Bass, who helped introduced a bill in Congress to curtail psychotropic drugs from being administered to foster youth, said, “Lots of people are making decisions that psychotropic drugs are needed—and work with a financial incentive. We need to financially support foster care parents without this being a small business.”
“As a society, we are quick to put people on drugs,” said Jimenez, who said she was drugged while she was in foster care. “Kids can’t understand what drugs are or why they are being put in their bodies. Drugs are making folks turn into zombies. The system doesn’t focus on the issues young people may have such as ADHD and schizophrenia. We need to do something to help (foster youth) rather than to medicate them.”
Many youths were victims of the “revolving door” of the foster care system where they are placed in a succession of foster homes which contribute to a sense of instability.
Several foster youth expressed concern over a “7-day-notice” that forces them to vacate the home if they acquired bad grades, got into a fight or came home late. Several foster youth commented that if the social worker is unable to find another foster home before the notice expired, the foster youth could be placed in a group home or juvenile hall. They felt that the 7-day-notice was unfair and should be amended.
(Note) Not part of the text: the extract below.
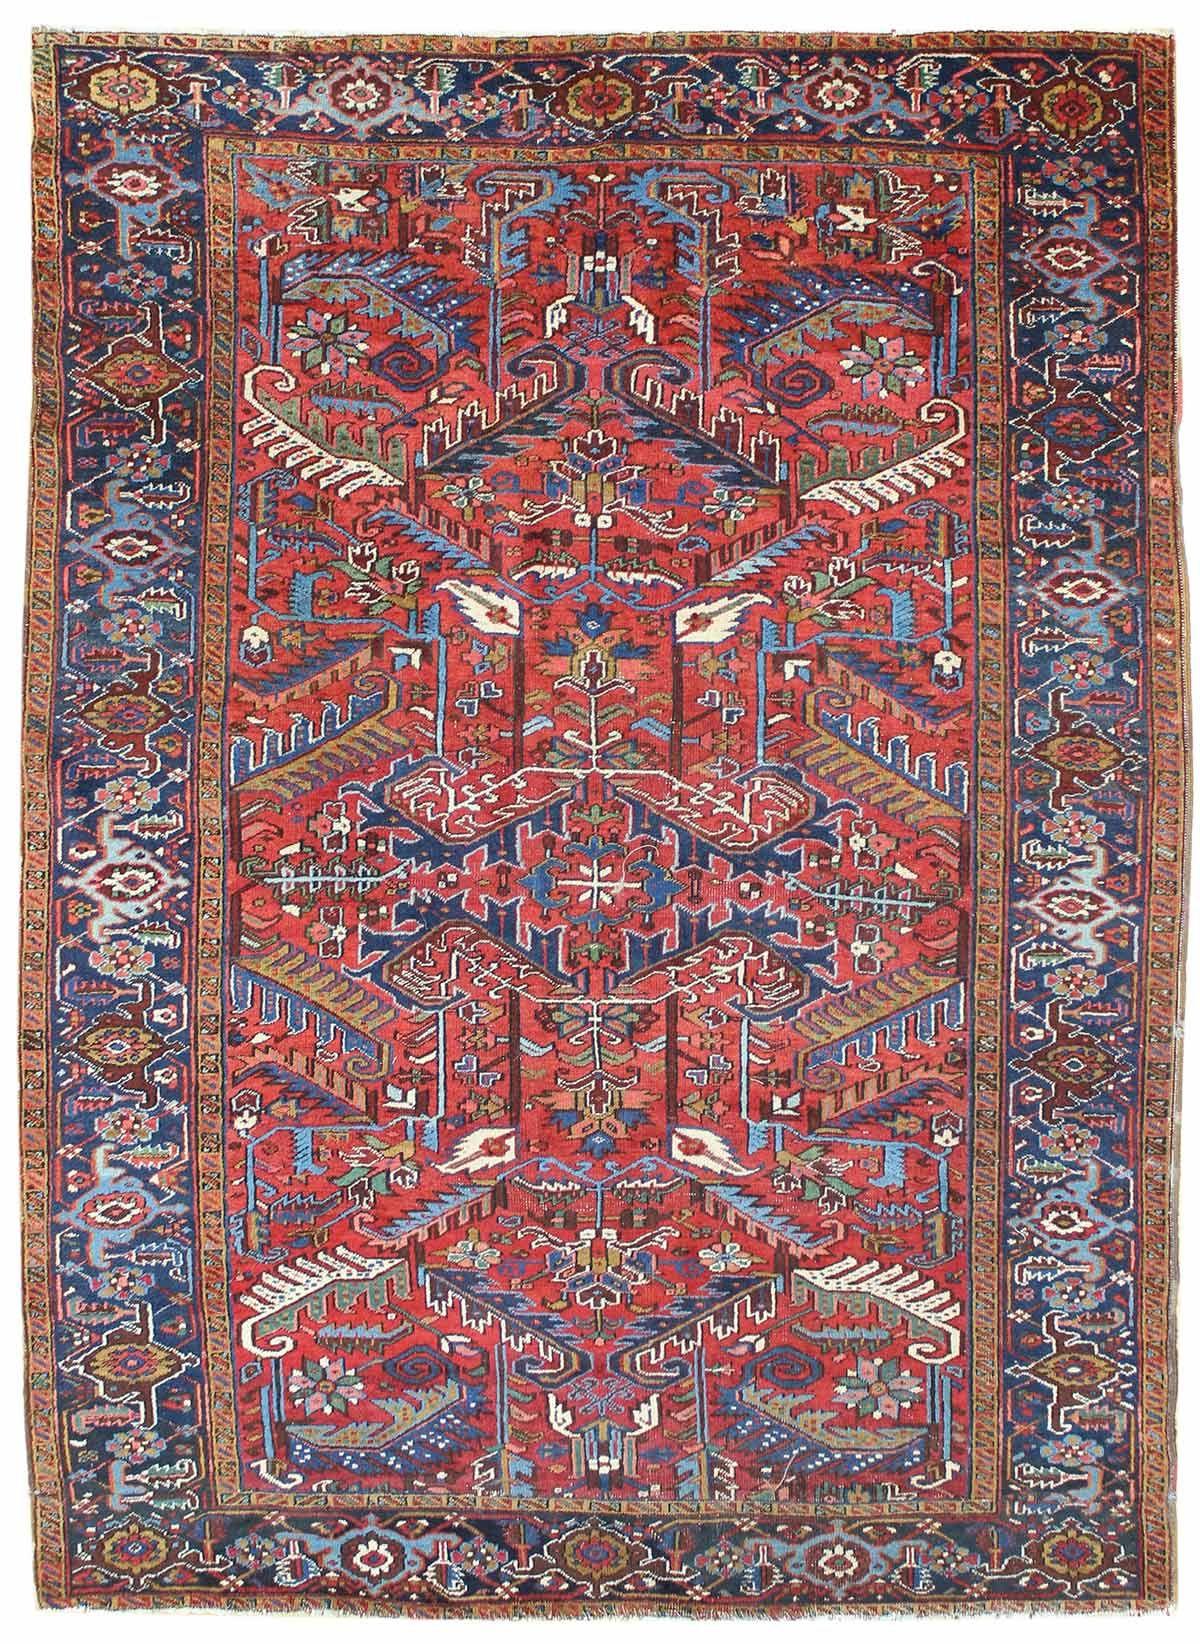 Antique Heriz Amp Serapi Rugs Gallery Antique Heriz Rug

“I was in 19 foster homes and one group home,” said attendee Leo Jimenez. “I went through a lot in foster care.”
“Federal and state outcomes are important, but it’s important to live in a home with people who love you, who think that you have potential and promise,” said Rodriguez, a former foster youth. “Kids should have input about what happens in their care. That feeling of not being in control leads to trauma,” she said.
Rodriguez felt strongly that more stringent recruitment methods should be enforced when selecting foster parents. “We don’t recruit in the right way. We need people who really like kids and who enjoy the company of children and who can deal with every young person as an individual. There’s a lot more we could do to renovate the system.”
“We need long-term, ongoing commitment to reform foster care,” said Kamlager.
Morgan, who has since “aged out” of the foster care system, recalls, “If I got into a fight in school or if I got bad grades, they (foster parents) kicked me out.” She said that foster youth yearn for unconditional love and acceptance from their foster parents, especially if they make a “mistake.” She felt foster parents should treat foster youth as if they were their own children. “If you have kids, you don’t kick your kids out,” Morgan pointed out. “You stay with them and you love them, even if they mess up.”
After the discussion, the attendees watched “Know How,” a gritty, eye-opening film written and acted by foster youth. Directed by filmmaker Escoriaza, the critically acclaimed film, which is currently airing on Netflix, depicted youths’ harrowing experiences in the foster care system.